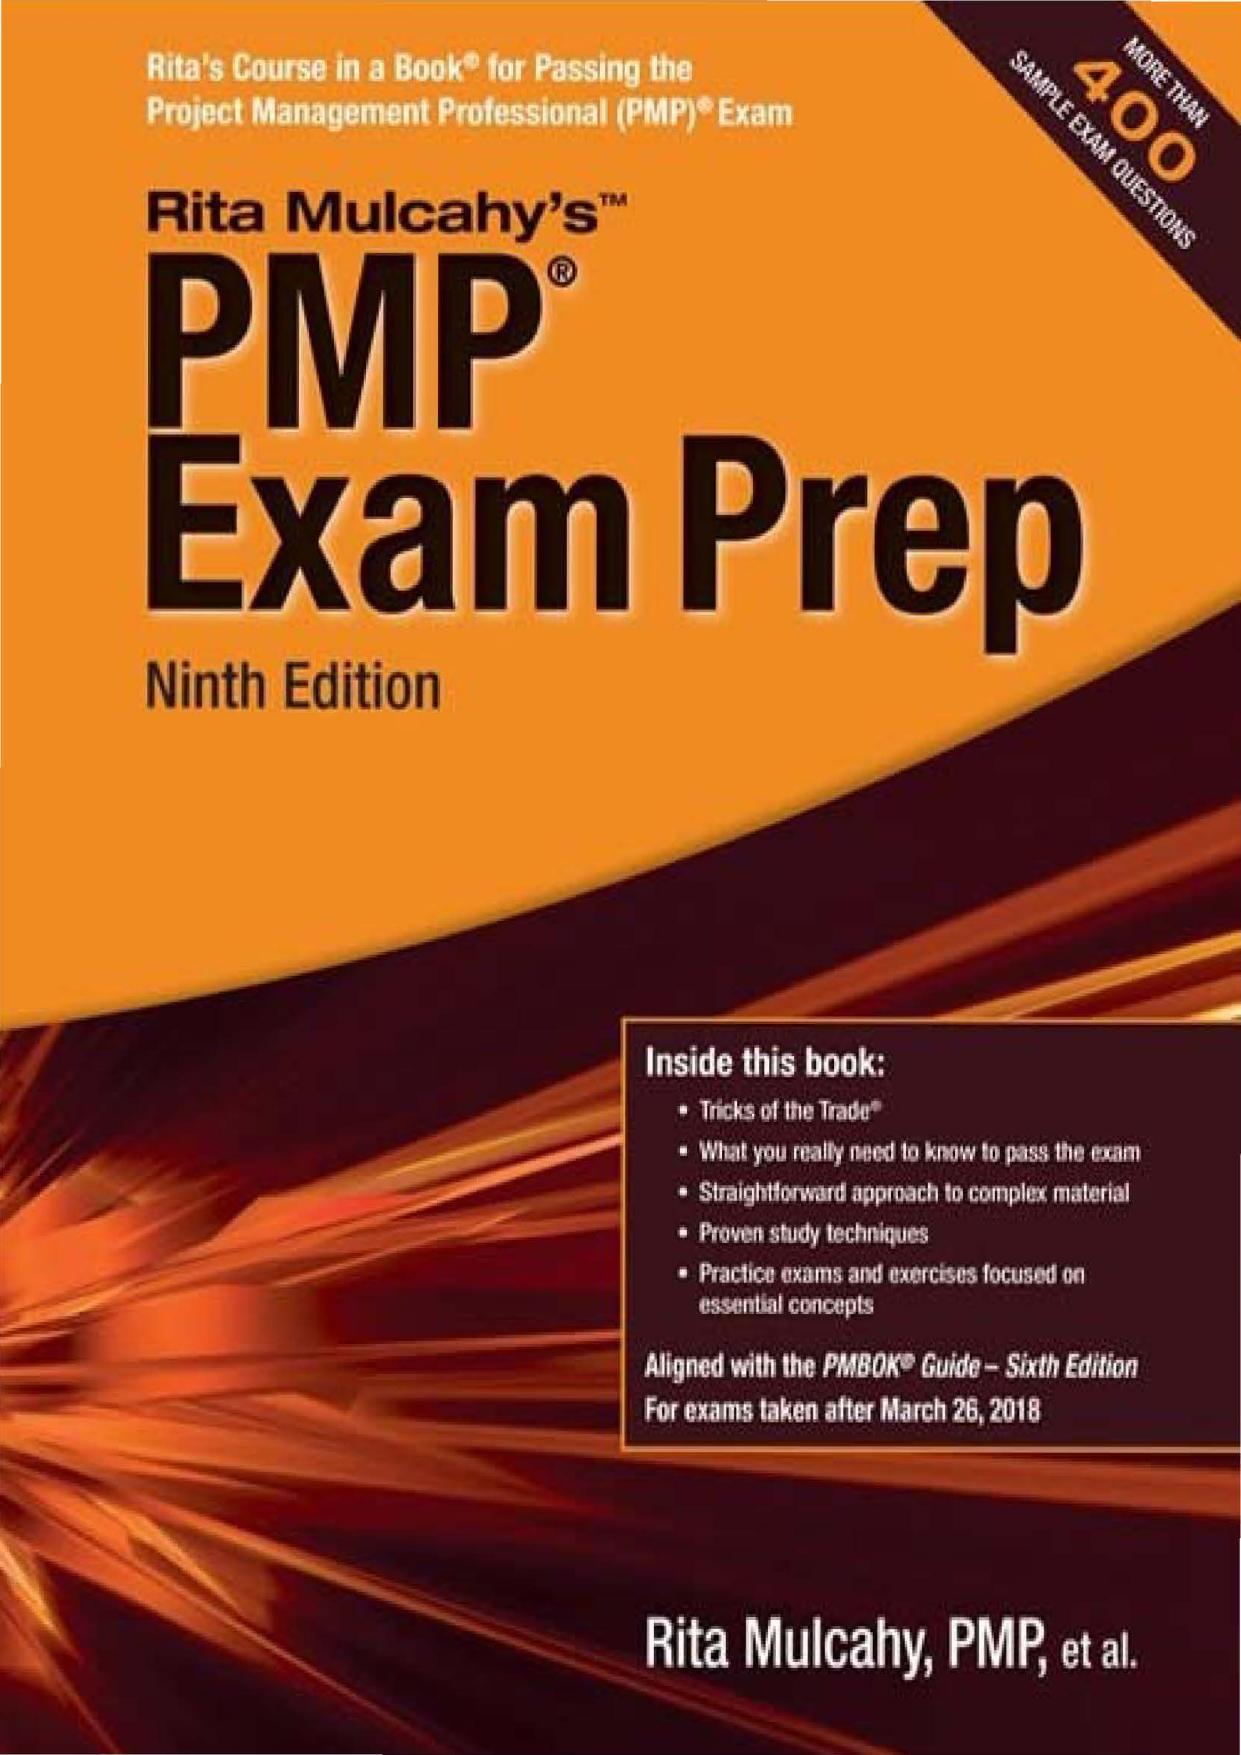 PMP® Exam Prep: Accelerated Learning to Pass PMI's PMP® Exam - 9th. Edition
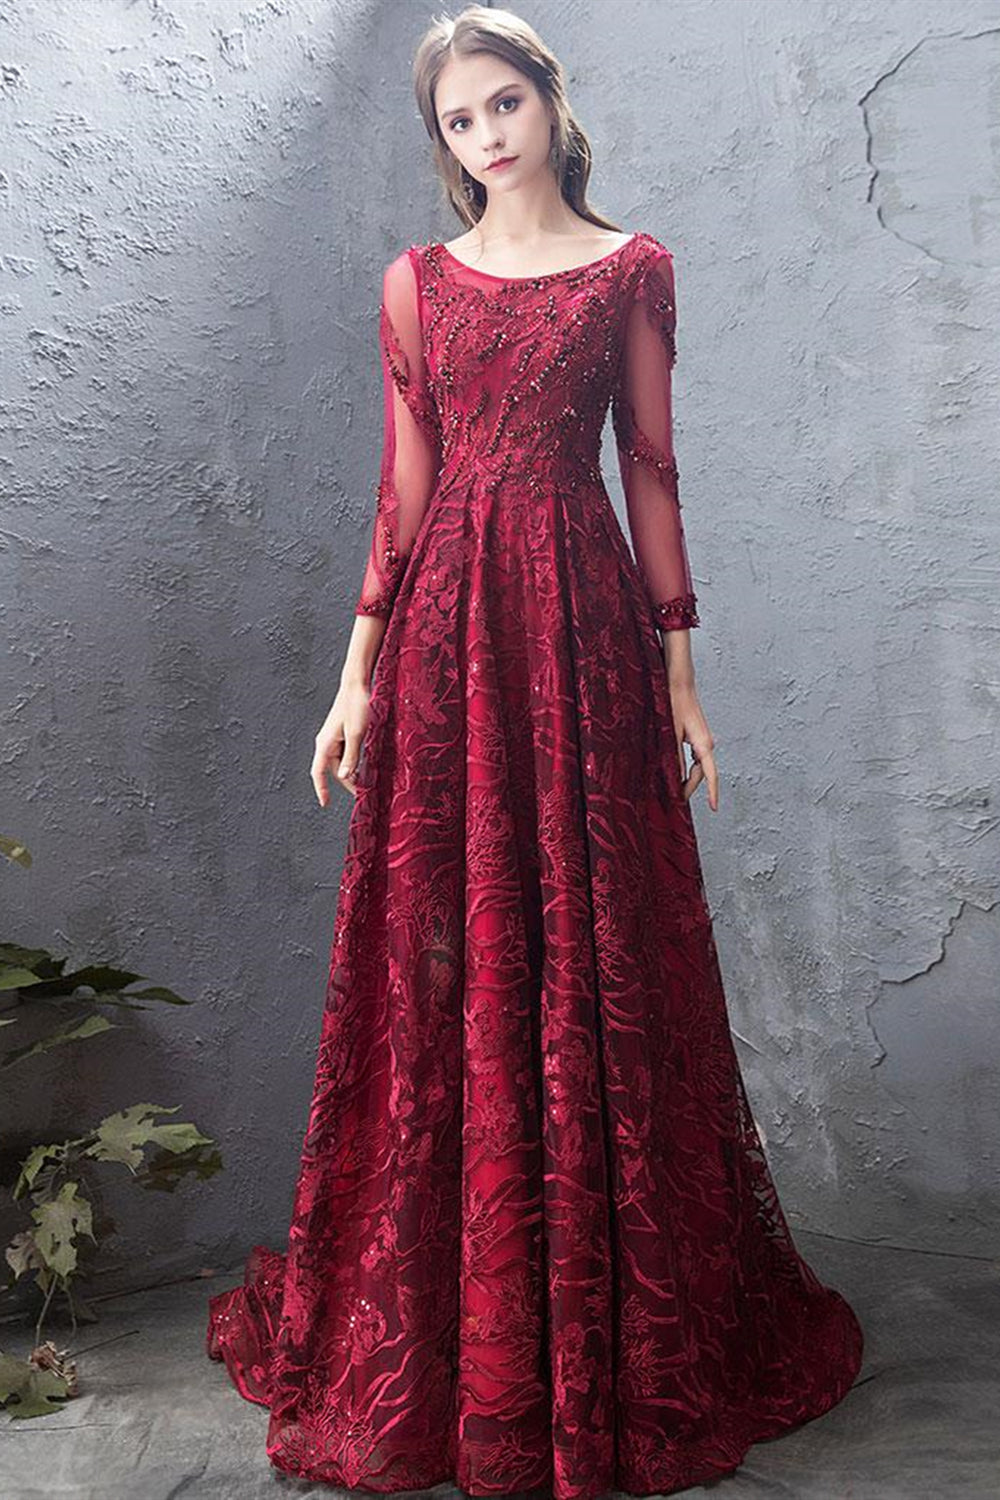 Long Sleeves Beaded Burgundy Lace Long Prom Dresses, Burgundy Lace Formal Dresses, Burgundy Evening Dresses
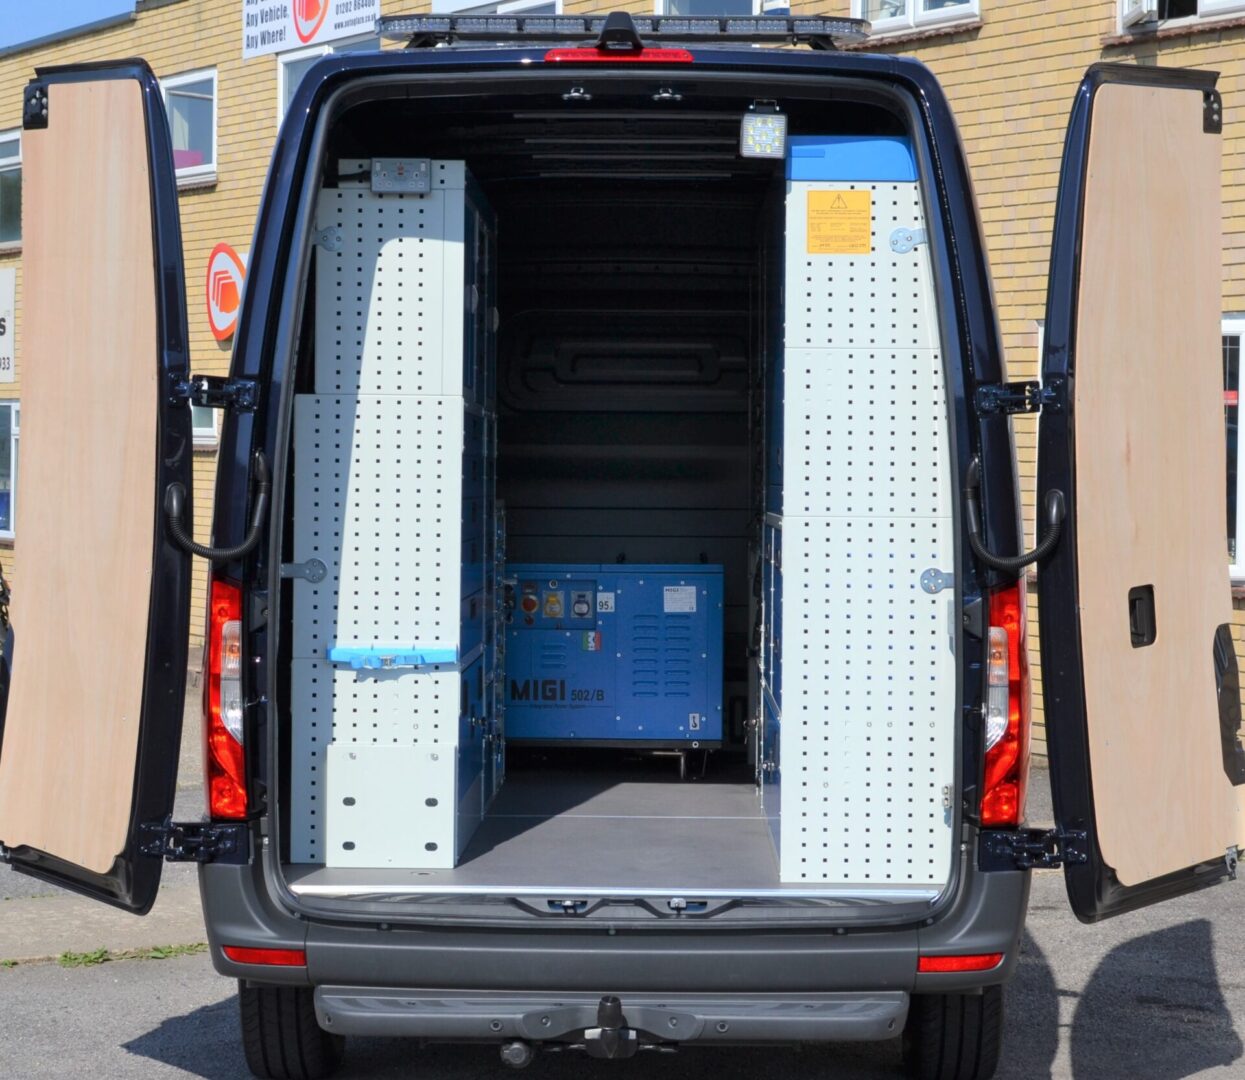 Completed van after racking, Migi and external beacons installed by Van Racking Solutions

━━━━━━━━━━━━━━━━

### PROBLEM TO SOLVE
At the line containing "Long Sleeves Beaded", start reproducing exactly, and stop after the last line of the listing; include both ends, and leave the pictures out.

### SOLUTION FOR THIS TASK
 Long Sleeves Beaded Burgundy Lace Long Prom Dresses, Burgundy Lace Formal Dresses, Burgundy Evening Dresses
 Completed van after racking, Migi and external beacons installed by Van Racking Solutions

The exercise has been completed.